His use of the plural irked her at first, but when the Captain recounted how Abigail had rejected him and haughtily swung her hips, Mrs. Jaymes was miffed on the Captain’s account.

“How dare a girl like that turn her fanny to the likes of you!” Mrs. Jaymes exclaimed. “Why, she should thank her lucky stars that you ever laid eyes on her! You want Plan B?” she said to Dagmore. “You go back to that bus stop tomorrow and take her these buns. They’re full of raisins, just like she likes, and as light and airy as they come. Take her a poem, too. Go look through all
those books of yours and copy something about the moonlight or the stars. Go on!”
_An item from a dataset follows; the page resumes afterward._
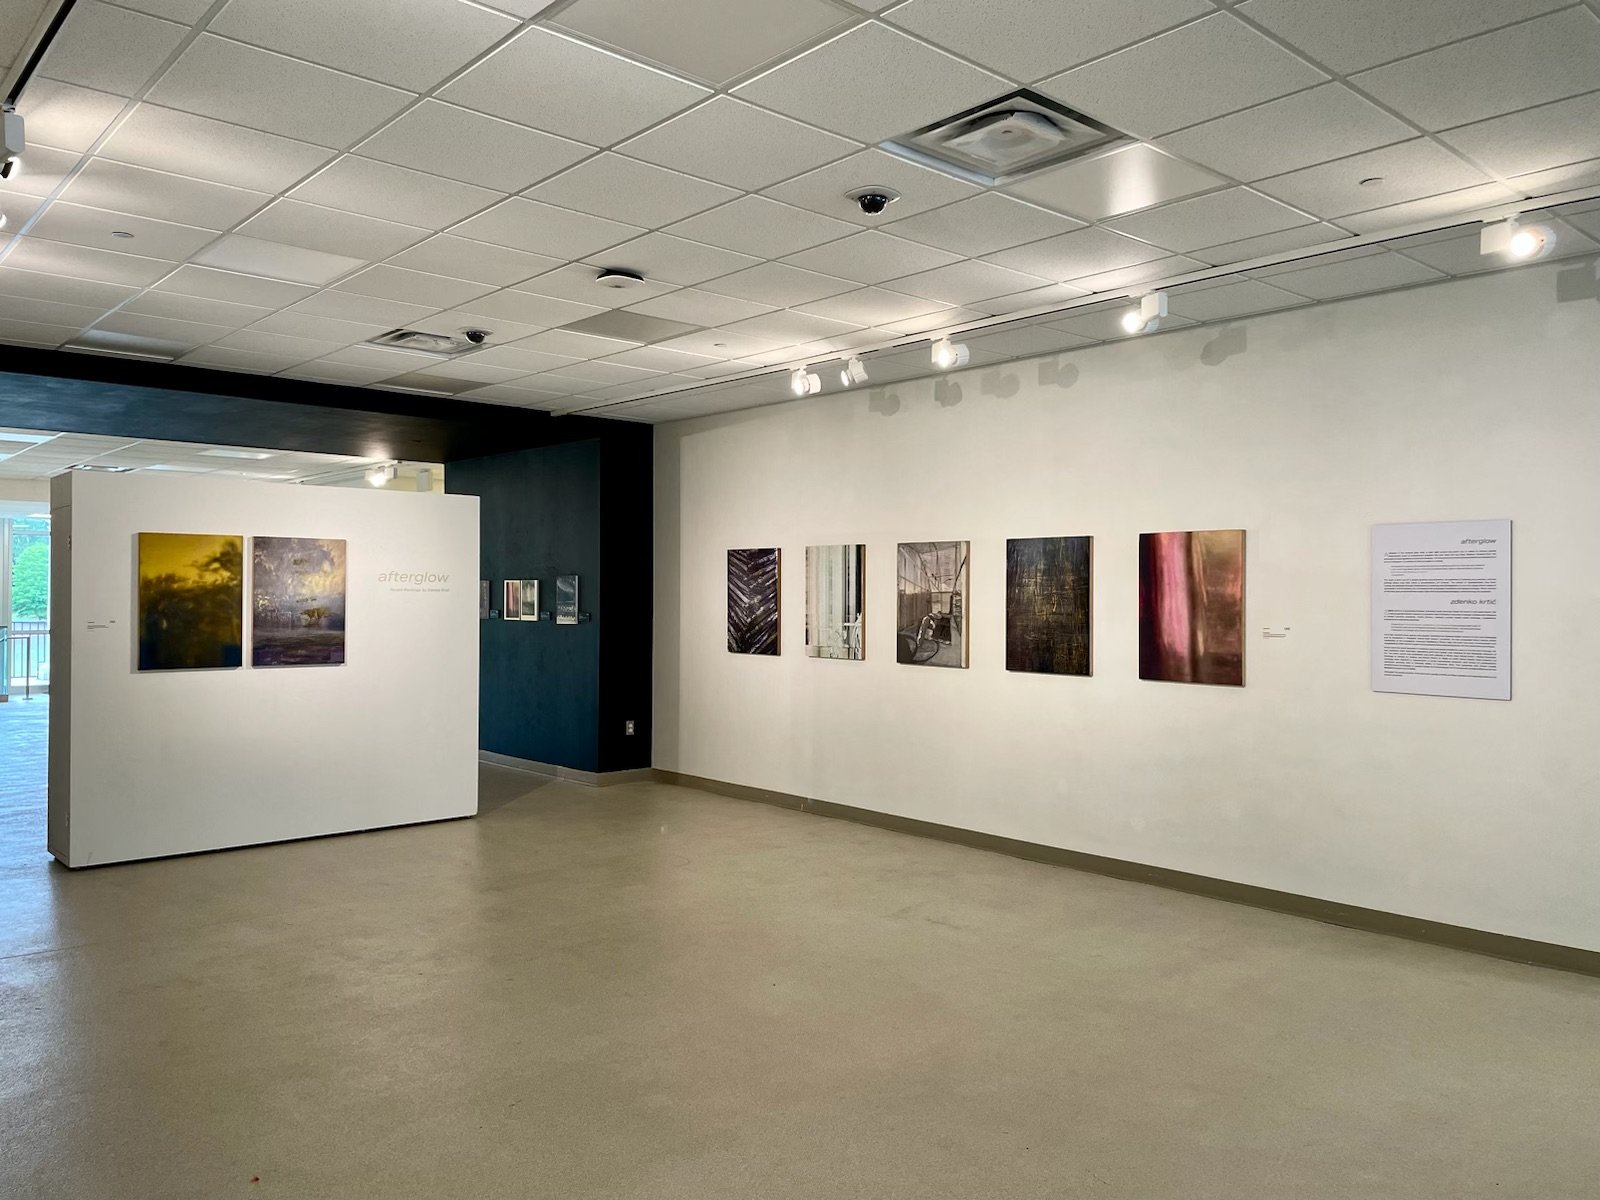 afterglow, installation view

Dagmore did as he was told, and returned to the bus stop the following afternoon armed with pastry and poetry. When Abigail showed up, he presented her with Mrs. Jaymes’s buns and recited a poem comparing her eyes to the sun and her teeth to the twinkling stars. The bus pulled up just then and before Abigail could wag her hips at him and hop on, he invited her again, “Would you like to have tea tomorrow?”

“No, I would not,” she told him, “and I believe I said so yesterday.”

The Captain went home defeated, again, and reported what had happened. “The tongue on that child!” Mrs. Jaymes said, shaking her head.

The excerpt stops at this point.